Pressure Tuning the Mixture of Eu$^{2+}$ and Eu$^{3+}$ in Eu$_4$Bi$_6$Se$_{13}$

TL;DR

This study explores how applying pressure affects the structural, electronic, and magnetic properties of Eu$_4$Bi$_6$Se$_{13}$, revealing pressure-induced valence changes and magnetic behavior in a novel europium-based compound.

Contribution

It is the first to investigate pressure effects on Eu$_4$Bi$_6$Se$_{13}$, demonstrating valence state shifts and magnetic transitions under pressure.

Findings

Eu$_4$Bi$_6$Se$_{13}$ exhibits weak metallic behavior.

Magnetic anisotropy and spin-flip transitions are observed.

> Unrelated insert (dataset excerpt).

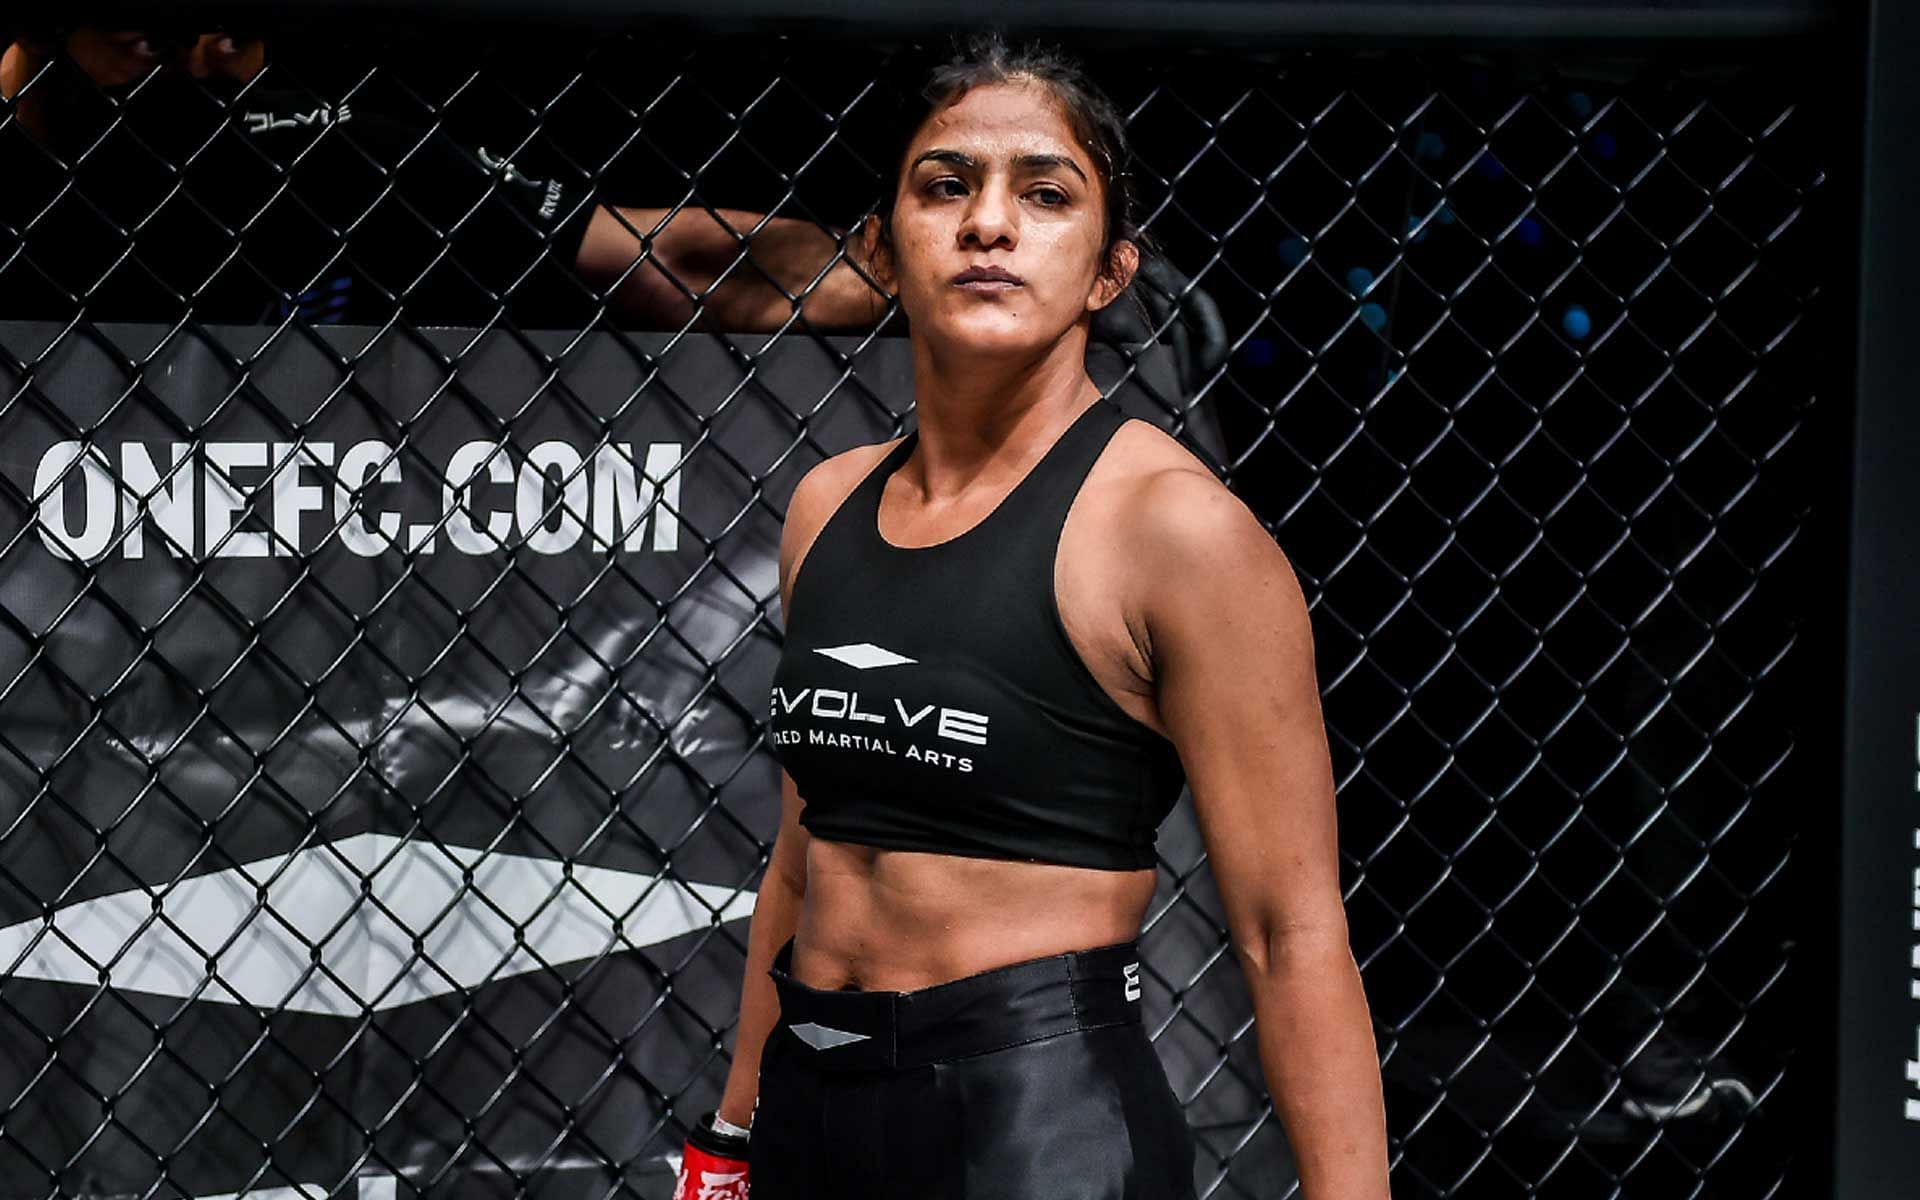 Ritu &#039;The Indian Tigress&#039; Phogat stares down her opponent in the Circle [Photo courtesy of ONE Championship]

Pressure increases Eu$^{3+}$ content, indicating valence change.

Abstract

The investigation of crystallographic, electronic, and magnetic characteristics, especially the mixed valences of Eu$^{2+}$ and Eu$^{3+}$ under pressure of a novel europium-based bismuth selenide compound, Eu$_4$Bi$_6$Se$_{13}$, presented. This new compound adopts a monoclinic crystal structure classified under the P$2_1$/m space group (#11). It exhibits distinctive structural features, including substantial Eu-Se coordination numbers, Bi-Se ladders, and linear chains of Eu atoms that propagate along the b-axis. Electronic resistivity assessments indicate that Eu$_{4}$Bi$_{6}$Se$_{13}$ exhibits weak metallic behaviors. Magnetic characterization reveals uniaxial magnetic anisotropy, with a notable spin transition at approximately 1.2 T when the magnetic field is oriented along the b-axis. This behavior, coupled with the specific Eu-Eu interatomic distances and the magnetic saturation observed at low fields, supports the identification of metamagnetic properties attributable to the flipping of europium spins. The Curie-Weiss analysis of the magnetic susceptibility measured both perpendicular and parallel to the b-axis and high-pressure partial fluorescence yield (PFY) results detected by X-ray absorption spectroscopy (XAS) reveal the tendency of the material to enter a mixed valent state where the trivalent state becomes more prominent with the pressure increase or temperature decrease.